Big data does not only mean big data, but more importantly, big data should be analyzed, and only through analysis can we get a lot of intelligent, in-depth and valuable information.
The following Hefei IT training/introduces five basic aspects of big data analysis.
1. Visualization and analysis of data analysis experts or ordinary users, data visualization is the most basic requirements of data analysis tools.
Visualization can intuitively show the data, let the data speak for themselves, so that the audience to hear the results.
2. Data mining algorithm visualization is for people to see, data mining is for the machine to see.
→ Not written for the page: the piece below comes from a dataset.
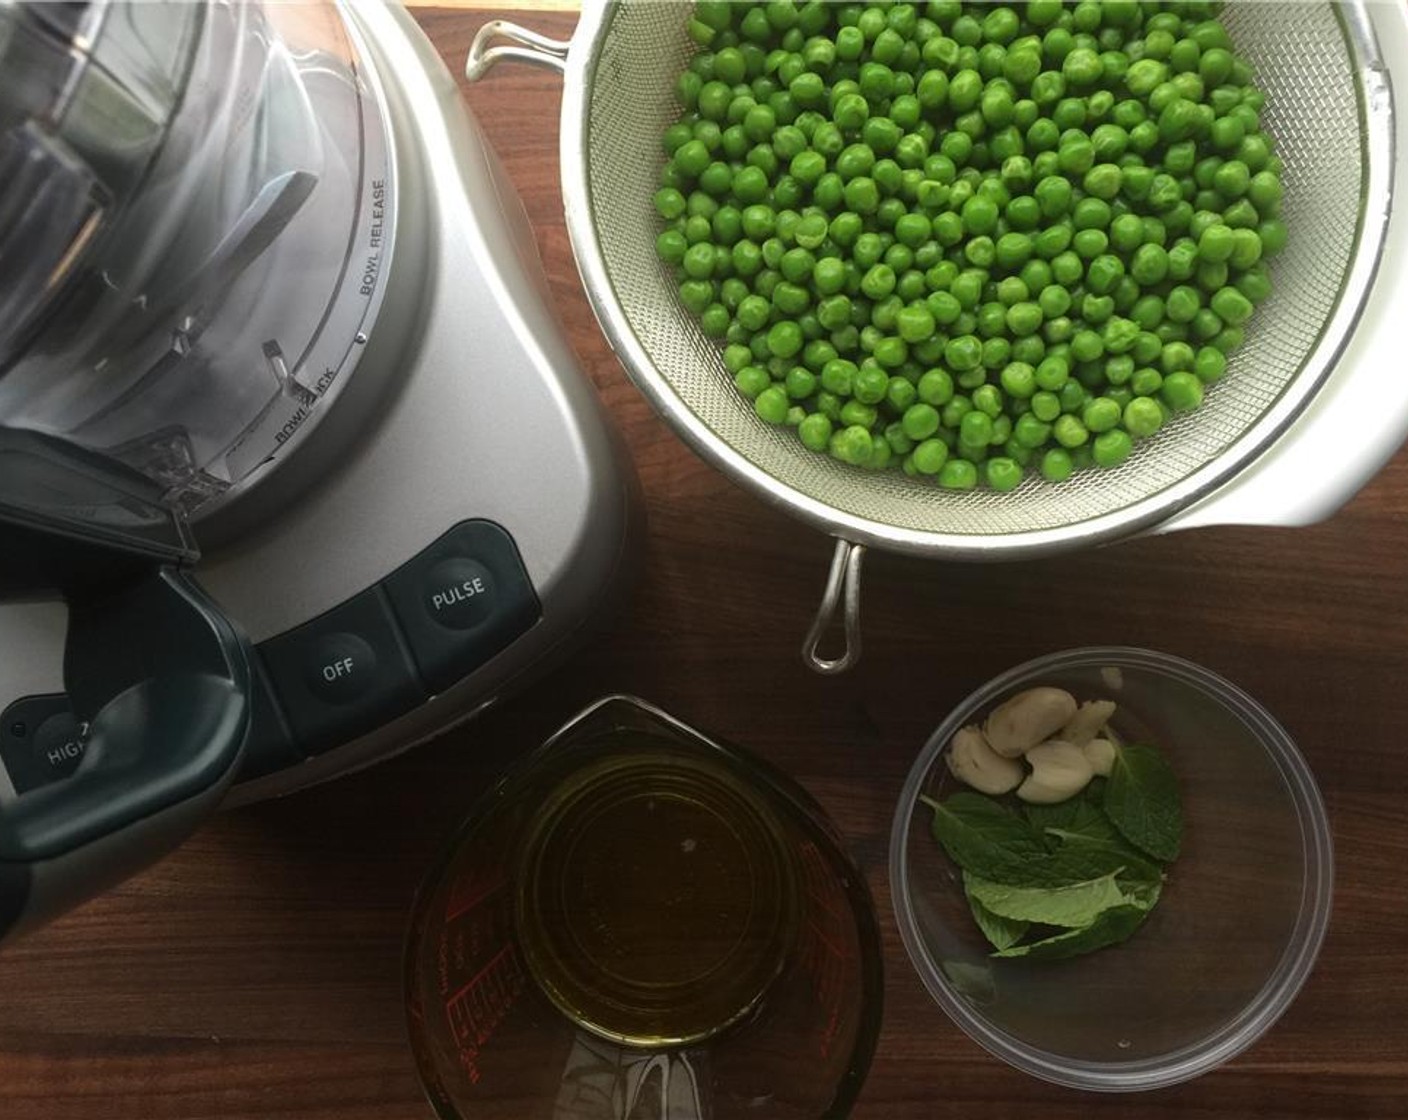 step 1 Place Frozen Green Peas (4 cups), Fresh Mint Leaves (10), Garlic (2 cloves), Salt (1/2 tsp), Ground Black Pepper (1/8 tsp), and Extra-Virgin Olive Oil (1/3 cup) in a food processor.
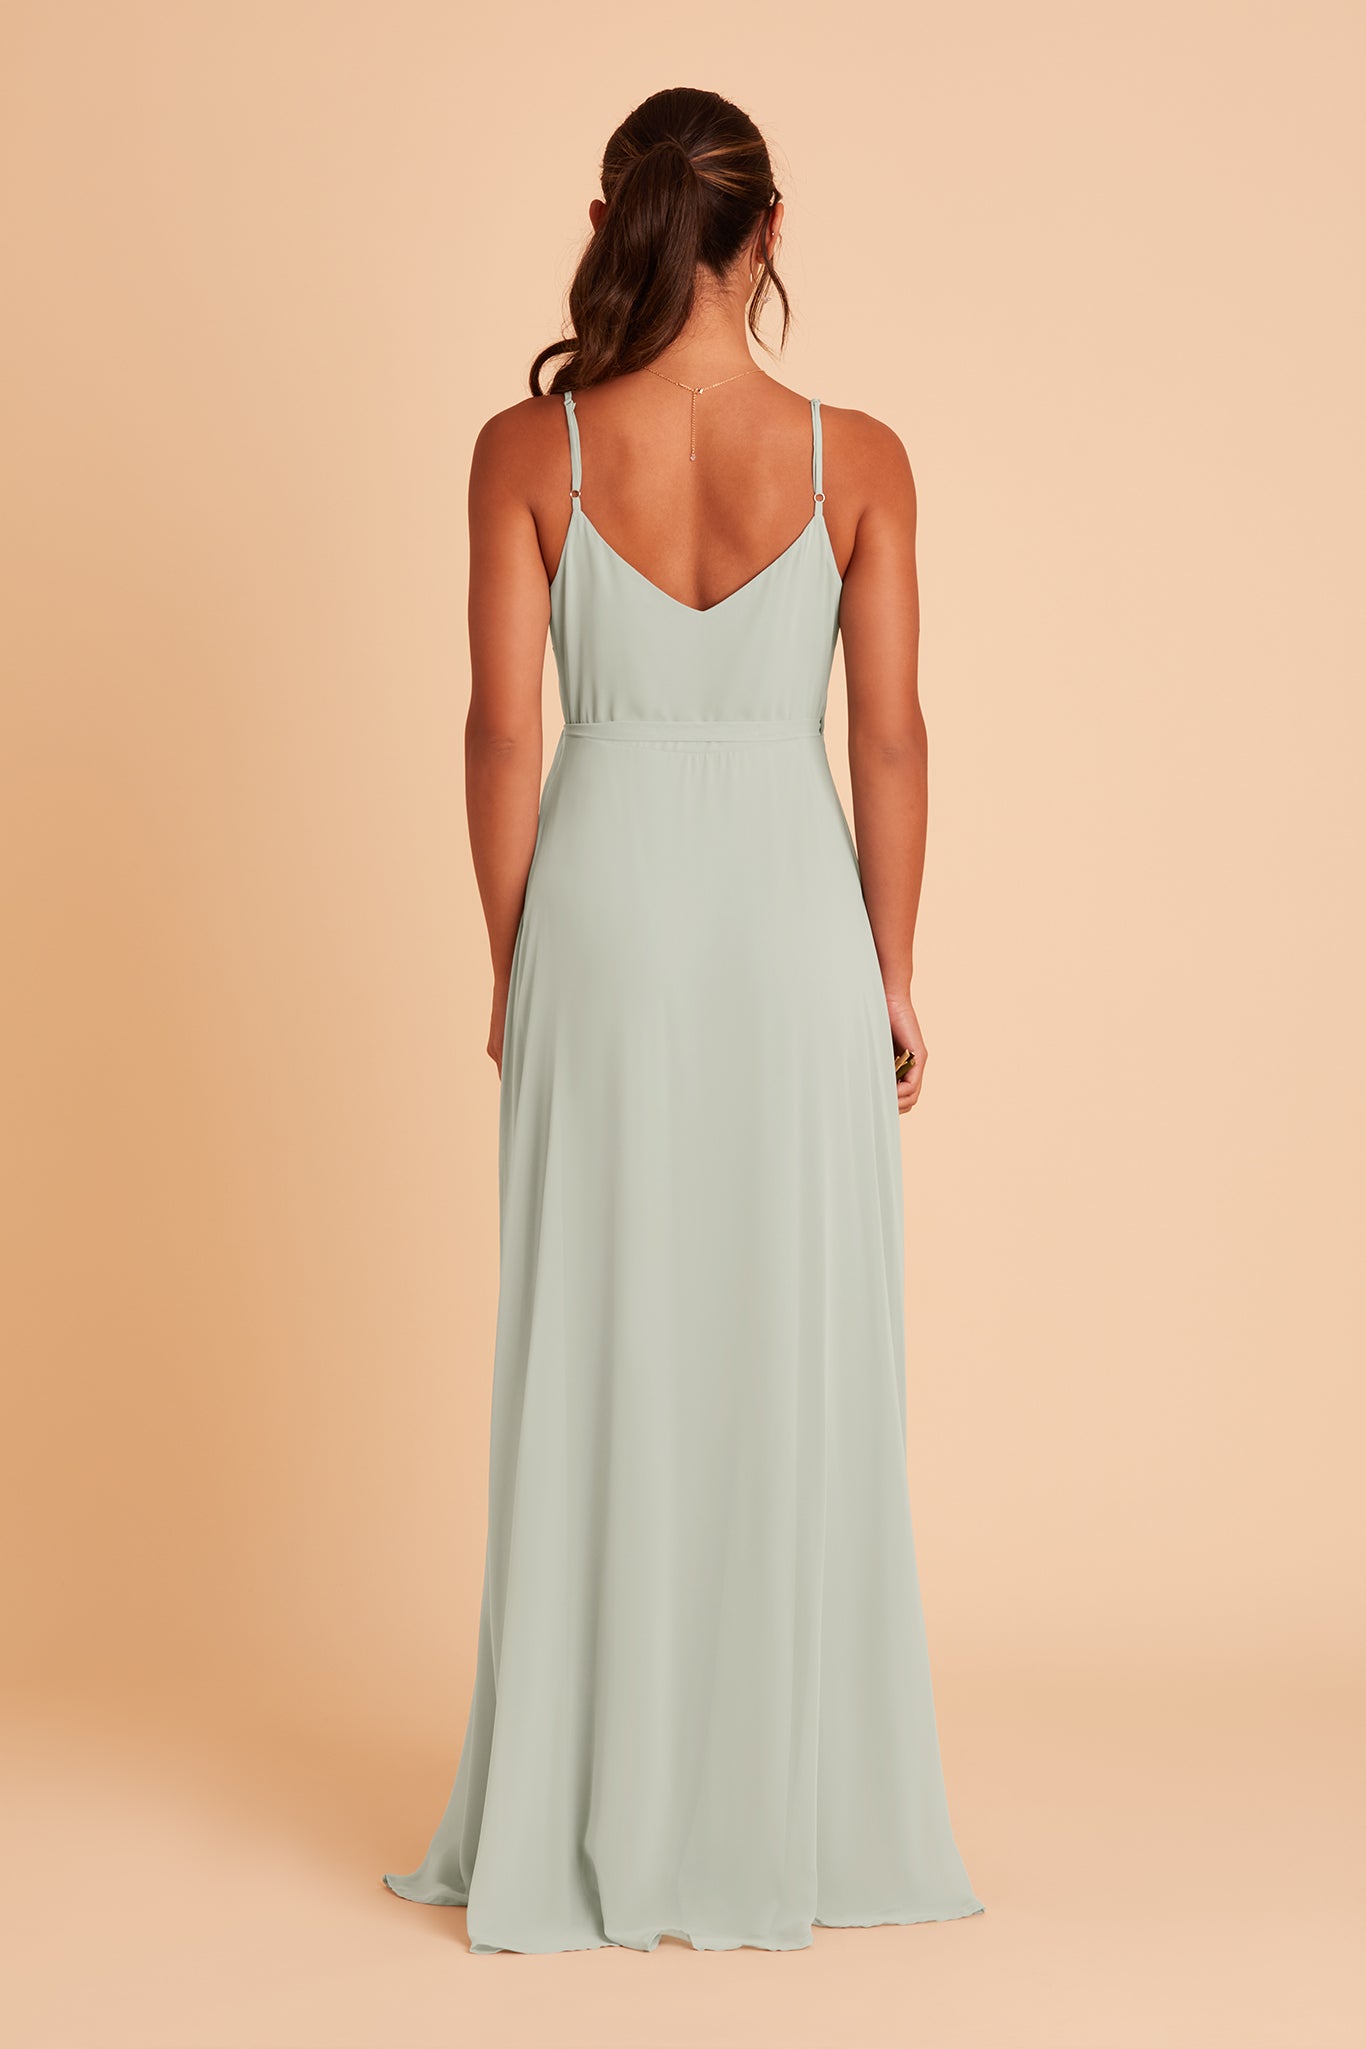 Back view of the Cindy Bridesmaid Dress in sage chiffon features a slip-style back with a gracefully flowing full-length skirt.

Clustering, segmentation, isolated point analysis and other algorithms allow us to go deeper into the data and mine the value.
These algorithms have to handle not only the volume of big data, but also the speed of big data.
3. Predictive Analytics CapabilitiesData mining allows analysts to understand data better, while predictive analytics allows analysts to make some predictive judgments based on the results of visual analytics and data mining.
4. Semantic engineSince the diversity of unstructured data brings new challenges in data analysis, a series of tools are needed to parse, extract, and analyze the data.
Semantic engines need to be designed to intelligently extract information from "documents".
5. Data quality and data managementData quality and data management are some of the best practices in management.
Handling data through standardized processes and tools ensures a pre-defined, high-quality analysis.